First, some background to add context to the memo. According to Norman Polmar’s book “Spyplane: The U-2 History Declassified,” the joint CIA-Air Force overhead surveillance program that would eventually lead to the development of the Lockheed U-2 and A-12 aircraft was run out of the “Project Staff” of the CIA in the mid-1950s.

This was the program that would produce the U-2 in which Francis Gary Powers would unfortunately crash over Soviet airspace in 1960 during one such surveillance flight. The “Project Staff” would later be enlarged and renamed the Development Projects Staff in 1958.

When Richard M. Bissell was named deputy director for plans in January 1959, he assumed responsibility for the Deputy Directorate for Plans (DD/P). This was the precursor to the Directorate of Operations (DO) and what would become known as the National Clandestine Serice (NCS). It was the CIA’s operational directorate, in other words, running clandestine operations across the globe.

That same year, Bissell turned the Development Projects Staff into the Development Projects Division (DPD) within the DD/P, thus allocating it even more resources and staff. Bissell also placed all CIA air assets within the DPD that same year.

Thus, within the CIA’s operational division (the DD/P), the DPD controlled Agency air assets. Hence the below memo originated from the chief of the Operations Branch of the DPD, and was addressed to the chief of the Research and Development Branch of the same division.

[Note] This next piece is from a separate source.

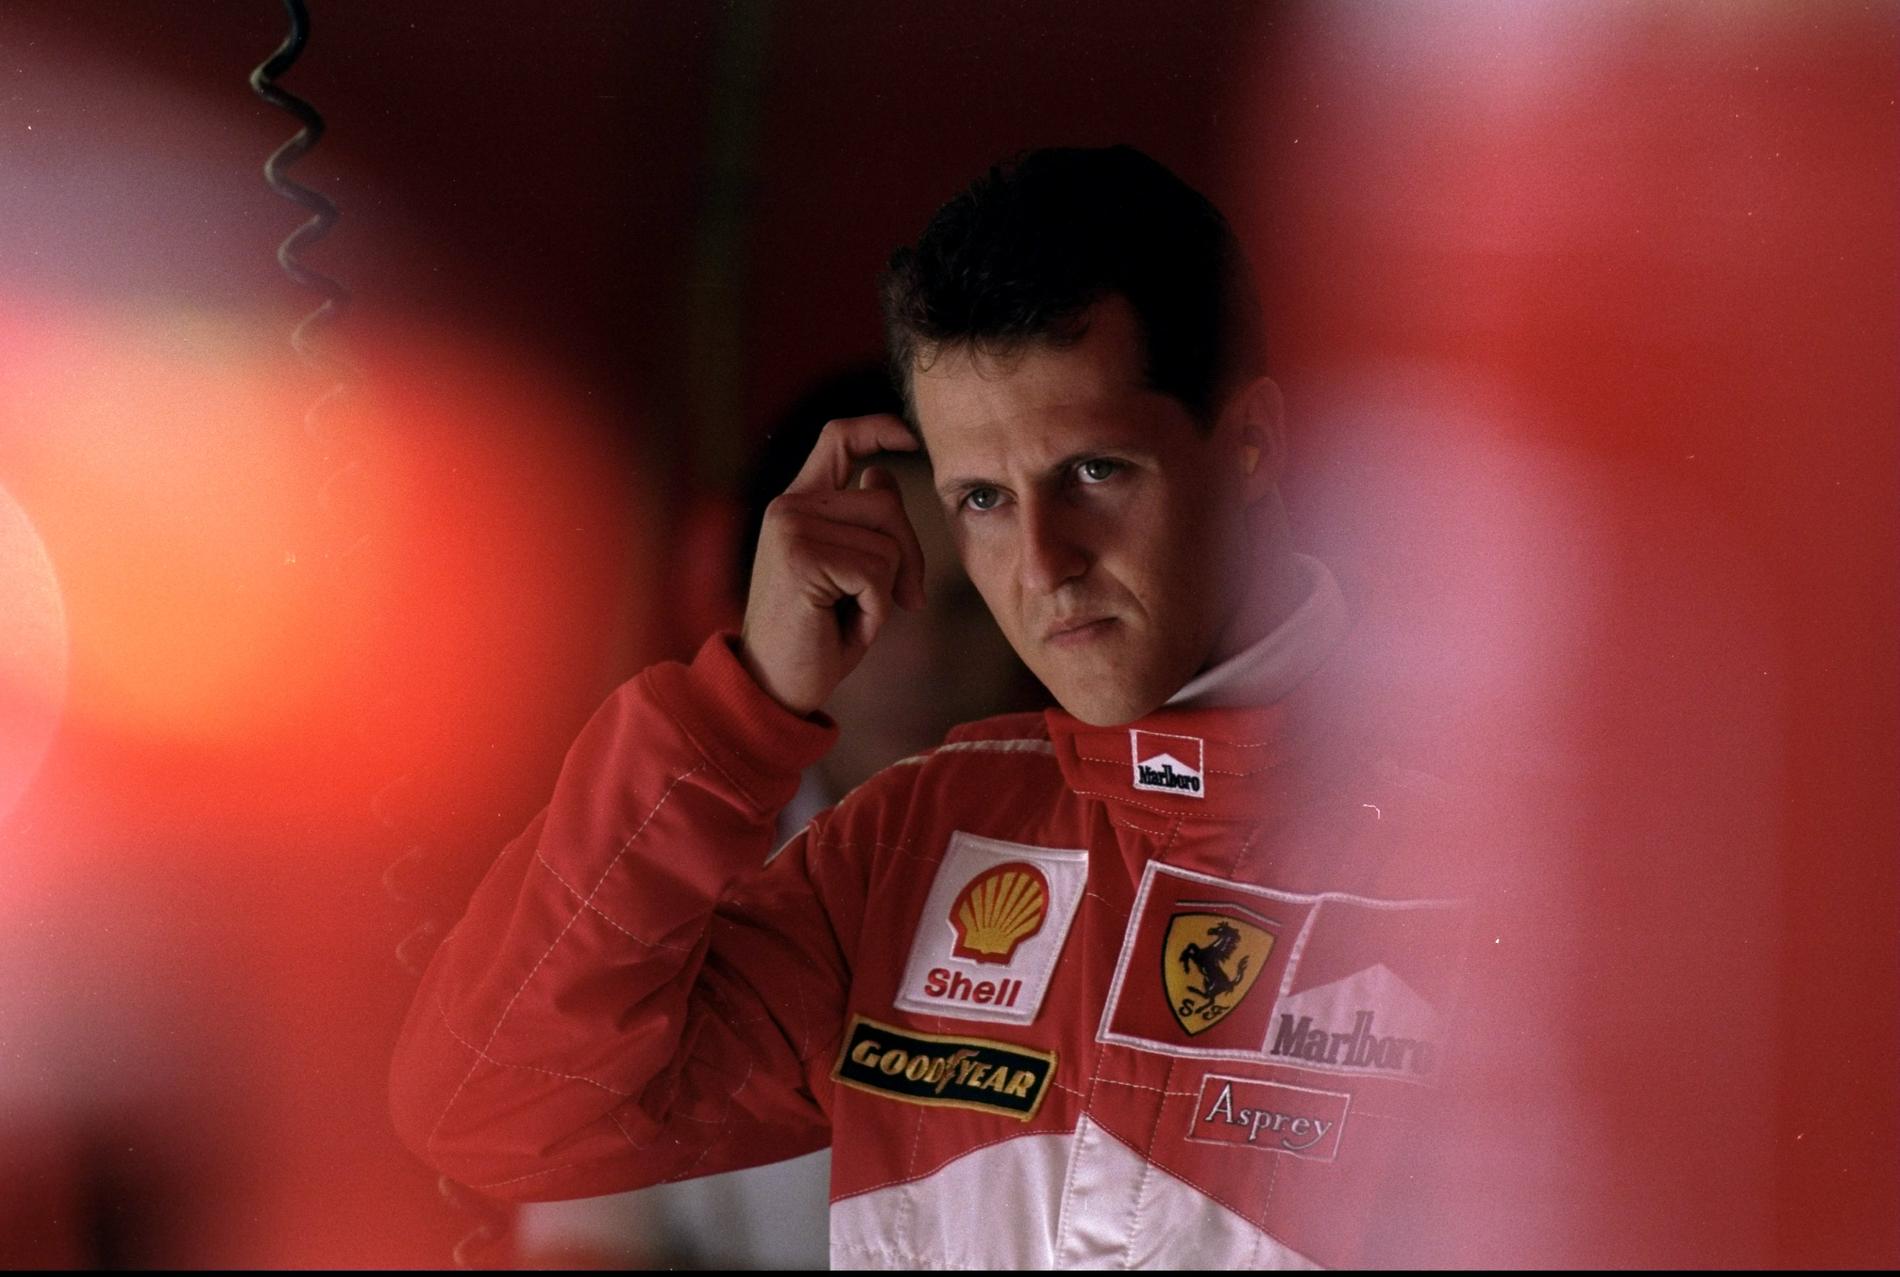 Tio år har gått sedan Michael Schumachers olycka.

In other words, the guy in charge of running air operations in the CIA was reaching out to the guy in charge of developing technology for presumably all manner of purposes and objectives for the CIA’s fleet of aircraft.  Let us now look at the memo:

Get me that gear, ASAP!

Per the text, the chief of the Operations Branch is asking the chief of the Research and Development Branch to expedite the completion of some [redacted] project for use with a CIA C-130 aircraft. Specifically, the ops chief is asking that the “engineering and functional testing” of the project be expedited to facilitate the project’s use in some unspecified “air operation” in the “Far East” (presumably some area in East Asia, possibly over China or the Korean peninsula).

Just what was this piece of gear or spying equipment? And over what territory was this unspecified air operation flying? What was its target? Did the Research and Development Branch complete its work in time to facilitate the operation?

Unfortunately, we may never know the answers to these questions. Also unfortunately, that is probably going to be the case with many of these files the CIA has made widely available online. It might be decades before these gaps in information are filled in. Or they may never be.

Meanwhile, we shall keep digging.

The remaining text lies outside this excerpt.